O Talmud compara o cego, o leproso, o sem filhos e o indigente aos mortos (Ned. 64b), citando Lamentações (iii. 6): "Ele me colocou em lugares escuros como os que estão mortos de antigamente".

Respeito pelos Cegos.

Judá ha-Nasi é a primeira pessoa mencionada na literatura rabínica que ajudou a remover o estigma dos cegos. É relatado que ele e R. Ḥiyya, enquanto viajavam, chegaram a uma determinada cidade e perguntaram se havia algum homem erudito a quem pudessem honrar com uma visita. Os vereadores encaminharam-nos para um erudito cego. R. Ḥiyya disse ao príncipe: "Não desonre a sua excelência. Deixe-me visitá-lo." Judá insistiu, porém, e foi com ele. Quando estavam prestes a partir, o cego agradeceu a visita, dizendo: "Honrastes pela vossa presença aquele que é visto, mas não vê. Sereis abençoados e aceitáveis diante Daquele que vê, mas é invisível" (Ḥag. 5b).

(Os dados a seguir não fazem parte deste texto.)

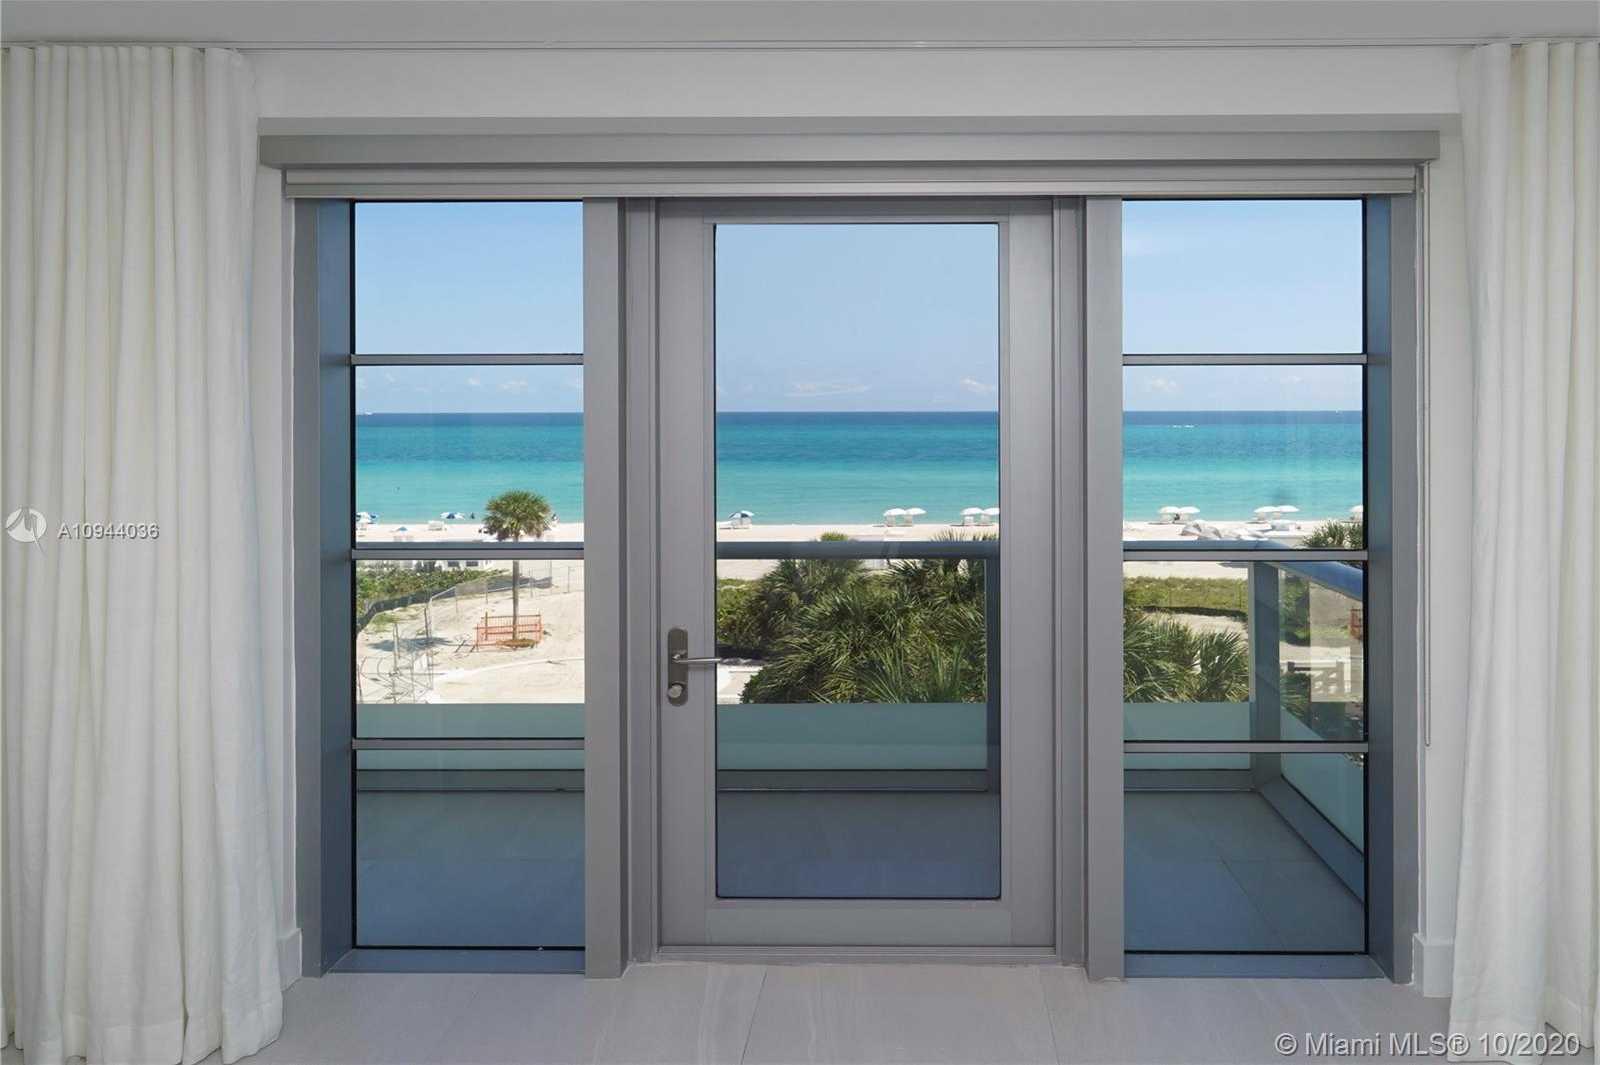 $2,095,000 - 2Br/3Ba -  for Sale in The Caribbean Condo, Miami Beach

R. Abba b. Jacó ofereceu um lugar alto em sua casa a um visitante cego, o que fez com que o povo acreditasse que este último era um grande homem e garantiu-lhe uma posição honrosa. Ele concedeu a bênção acima mencionada a R. Abba (Yer. Peah, fim, cap. viii.).

R. Hoshaiah the Great, contratou para seu filho um professor cego com quem jantava diariamente. Em uma ocasião, quando os visitantes estavam na casa, o professor não foi convidado para a mesa. R. Hoshaiah pediu desculpas depois pela omissão, dizendo que não queria constrangê-lo ou desonrá-lo perante a assembleia; ao que o mestre cego se juntou: "Que o teu pedido de desculpas seja aceitável diante do Invisível" (ib.).

Por razões eufemísticas, o Talmud chama um cego ("um homem de luz abundante"). Os cegos estão isentos de todos os deveres religiosos. Eles podem realizar qualquer serviço religioso para si mesmos, mas não podem ser um procurador para outros. Assim, um cego ao dizer as dezoito bênçãos não precisa estar voltado para o Templo de Jerusalém (o oriente), sendo incapaz de distinguir os pontos da bússola, mas dirigirá seu coração para seu Pai no céu (Ber. 29a). No entanto, ele não deve pronunciar o Seu nome em vão.

R. Judá não lhe permitiria dizer a bênção diante do Shemá: "Bendito seja o Senhor que formou a luz e criou as trevas", na medida em que o cego não tira nenhum benefício da luz. Os "sábios" divergem, no entanto, afirmando que a luz beneficia indiretamente os cegos. R. Yosé (o tannaite) não conseguia compreender uma passagem aparentemente ilógica do Deuteronômio: "E tu tatearás ao meio-dia como o cego acorda nas trevas" (xxviii. 29); até que por acaso encontrou um cego que caminhava à noite com uma lanterna na mão, e que lhe explicou que a lanterna lhe servia muito, para permitir que os transeuntes o guiassem e protegessem de obstáculos e armadilhas (Meg. 24b).

R. José, que era cego, disse que certa vez teria acolhido alguém que pudesse assegurar-lhe que R. Judá estava certo na afirmação de que os cegos estavam isentos do cumprimento de deveres religiosos; pois, nesse caso, ele (R. José), que, embora cego, desempenhava esses deveres, mereceria uma recompensa maior do que aquele que não fosse cego. Ouvindo R. Johanan, no entanto, afirmar que "aquele que desempenha seus deveres prescritos é maior do que um voluntário", Joseph disse que ofereceria um banquete aos rabinos se eles pudessem assegurar-lhe que R. Judá estava errado em sua declaração.

R. Joseph, e R. Sheshet, outro talmudista cego, sustentam a opinião de que os cegos têm a obrigação de cumprir todos os deveres religiosos e, consequentemente, recitaram a Hagadá na véspera da Páscoa diante da família reunida (Pes. 116b), o que foi contrário à decisão de R. Aḥa b. Jacó, que dispensou um cego de dizer a Hagadá (ib.).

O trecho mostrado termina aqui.